GIVEN INFORMATION:
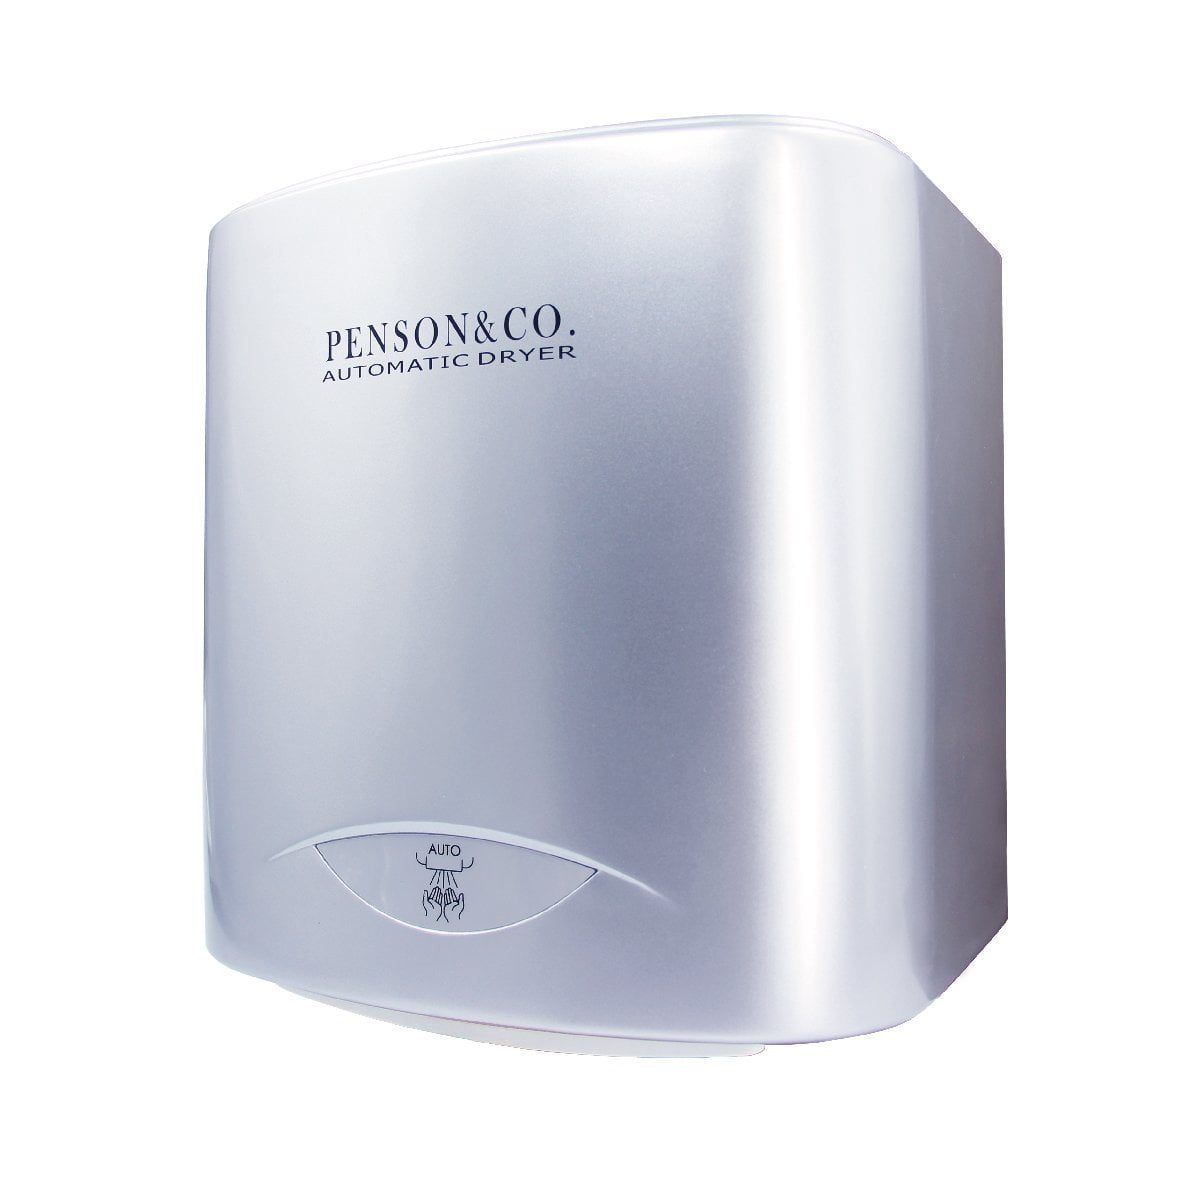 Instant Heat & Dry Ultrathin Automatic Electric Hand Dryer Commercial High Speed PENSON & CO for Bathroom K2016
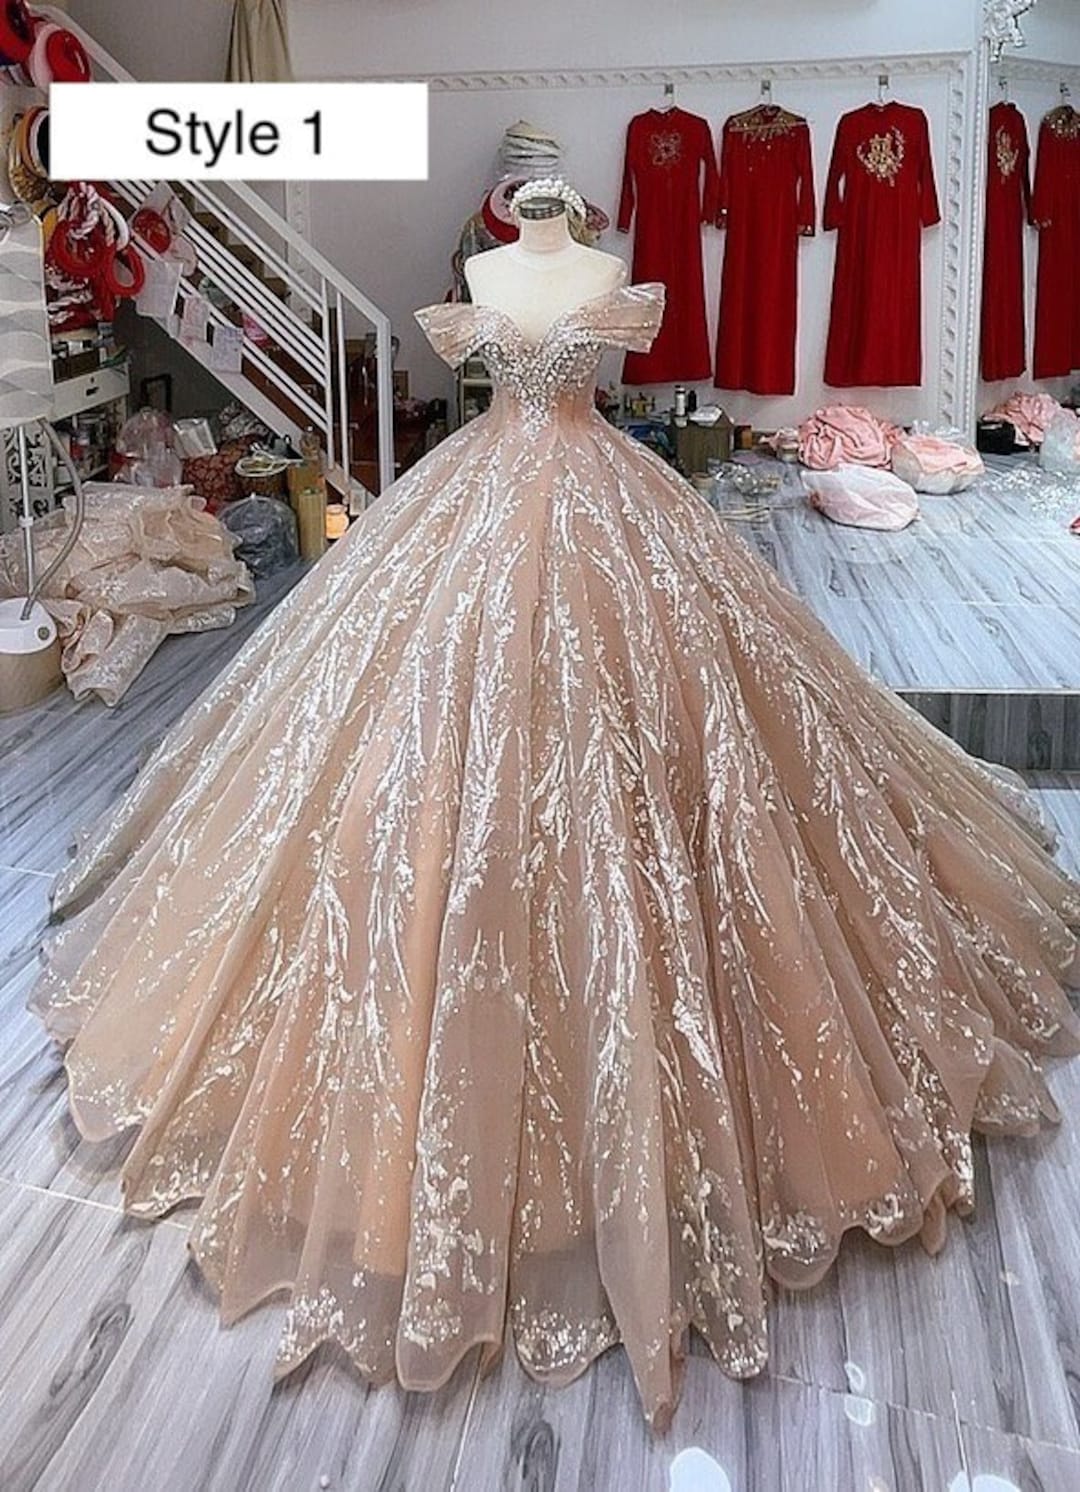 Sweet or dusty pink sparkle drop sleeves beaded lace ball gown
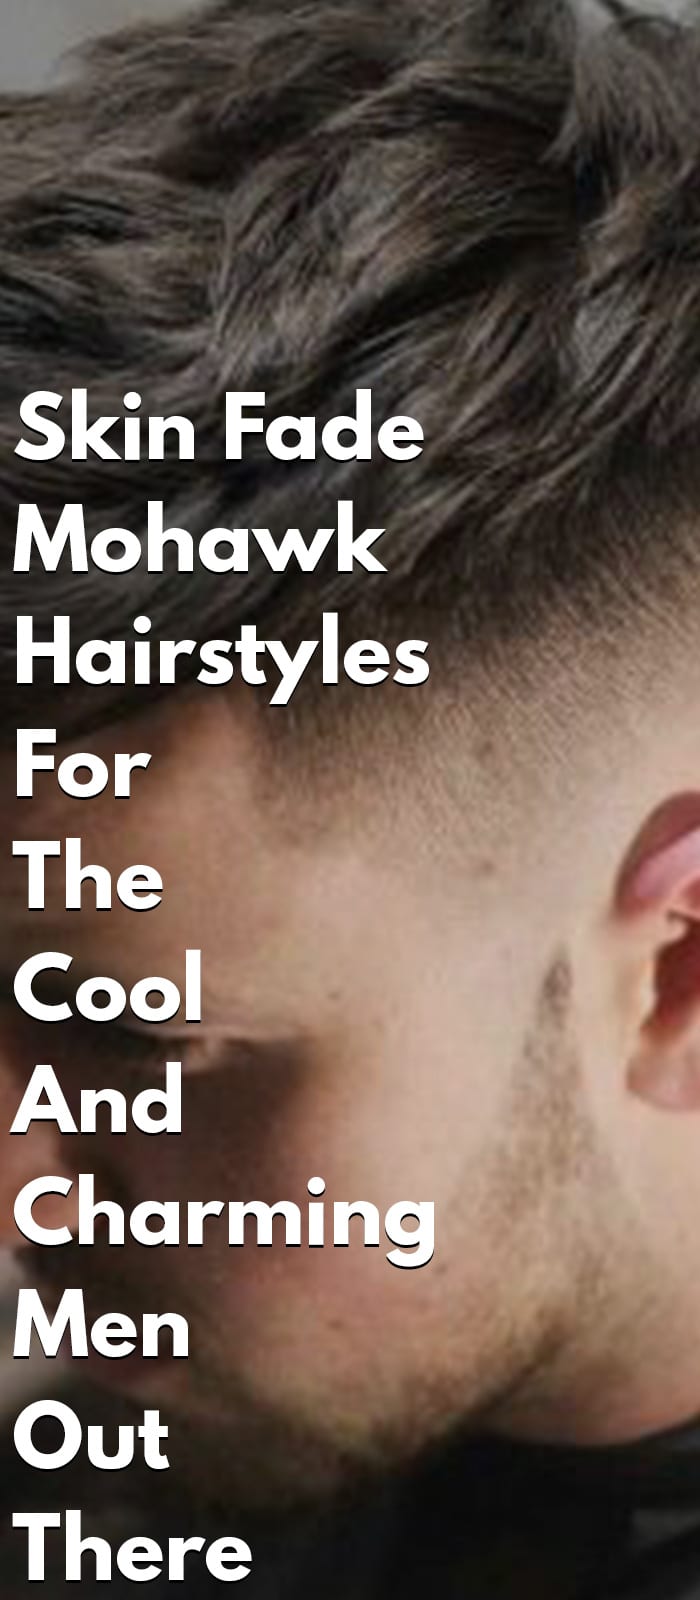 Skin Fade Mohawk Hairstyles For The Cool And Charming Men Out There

EXERCISE AIM: Print the full listing again exactly, and drop every image from it.

EXPECTED ANSWER:
 Instant Heat & Dry Ultrathin Automatic Electric Hand Dryer Commercial High Speed PENSON & CO for Bathroom K2016
 Sweet or dusty pink sparkle drop sleeves beaded lace ball gown
 Skin Fade Mohawk Hairstyles For The Cool And Charming Men Out There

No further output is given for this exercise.